Fast Growing of Pancreas Cancer in a Patient with Familial Susceptibility
Marco Del Chiaro, Elena Rangelova, Christoph Ansorge, John Blomberg, Åke Andren-Sandberg, Ralf Segersvard
Division of Surgery, Department of Clinical Science, Intervention and Technology (CLINTEC), Karolinska Institutet. Stockholm, Sweden
Context A positive family history is a well defined risk factor for the development of pancreatic cancer. However, data is scarce regarding time of progression in these families and no clear guidelines are available about time interval and modality when to follow these individuals. Case report A 47-year-old male with two first-degree relatives dead of pancreatic cancer (mother 53 and sister 40 years, respectively). In 2007 at the age of 43, the patient was included into a screening program by annual CT scans at a community hospital. In 2009, after two years of negative screening, it was suggested to increase the interval to biannual CTs. At the beginning of 2011 the patient was admitted due to abdominal pain and jaundice. Imaging showed a 3 cm large tumor in the head of the pancreas with encasement of a replaced right hepatic artery from the superior mesenteric artery.
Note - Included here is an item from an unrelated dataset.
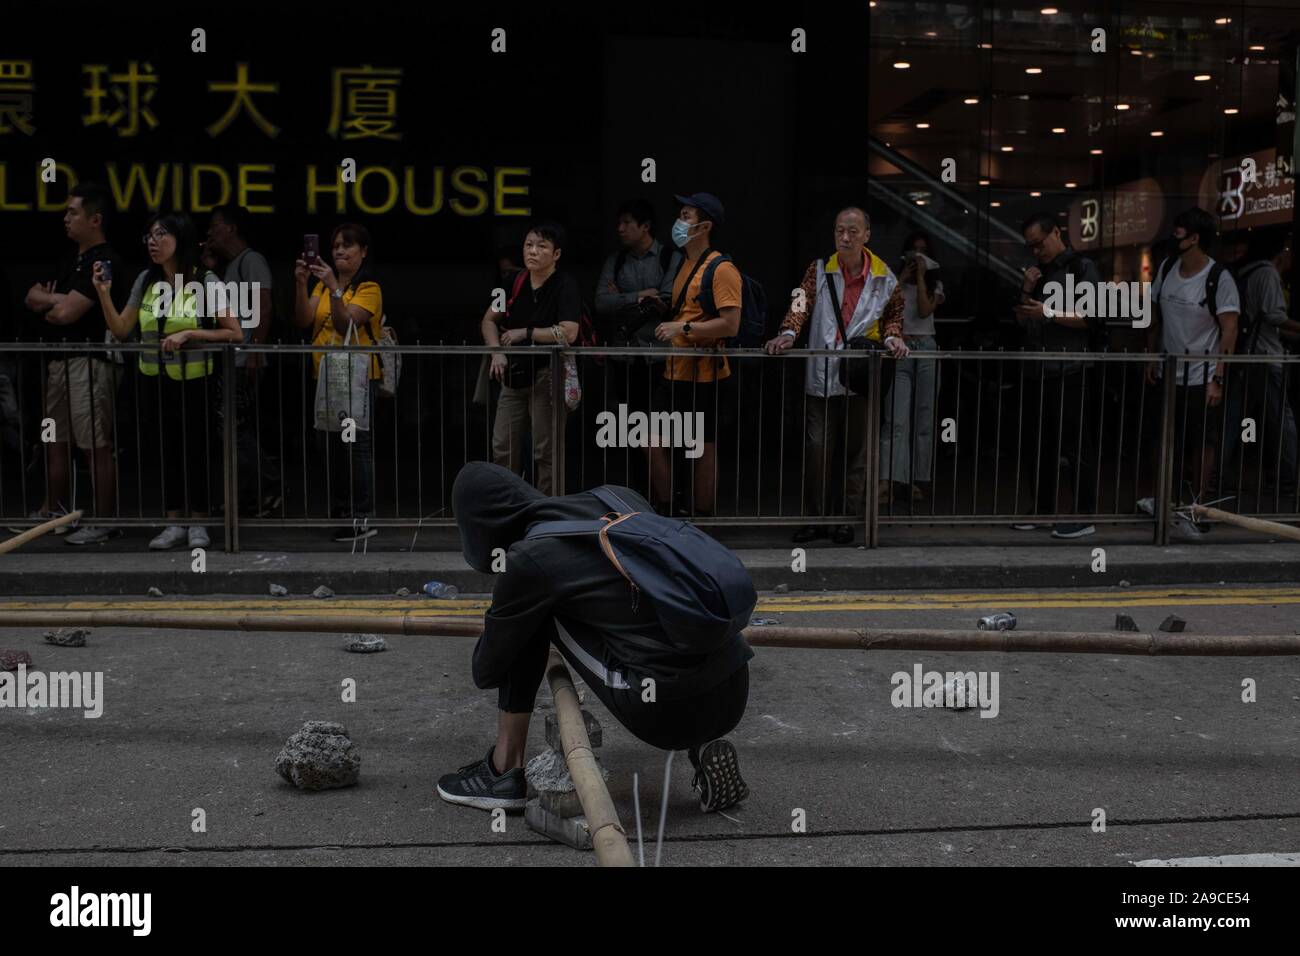 Un manifestante stringe un bastone di bambù per bloccare il Des Voeux Road durante la dimostrazione.manifestanti hanno chiesto per un giorno di sciopero il terzo giorno consecutivo. Governo anti-manifestanti hanno bloccato le strade e gli accessi della metropolitana nella zona centrale di Hong Kong. Un relativamente calma giorno dopo la violenza era tornato in risposta ad azioni di polizia lunedì quando almeno due manifestanti sono stati girati e molti altri feriti. Foto Stock

The patient underwent total pancreatectomy with en block resection of the right hepatic artery, rebuilt by a rotation end-to-end anastomosis to the splenic artery. Histology showed pancreatic ductal adenocarcinoma (pT3, pN1, pM0). At 12-month follow up no recurrence has been detected. Conclusion A positive familial history is a risk factor to develop pancreatic cancer. In this family, as suggested by the EUROPAC, two first-degree affected, with a cumulative age at the diagnosis less than 110 years, is an important risk factor. The current case suggests that an annual screening seems reasonable and safer than longer intervals of time.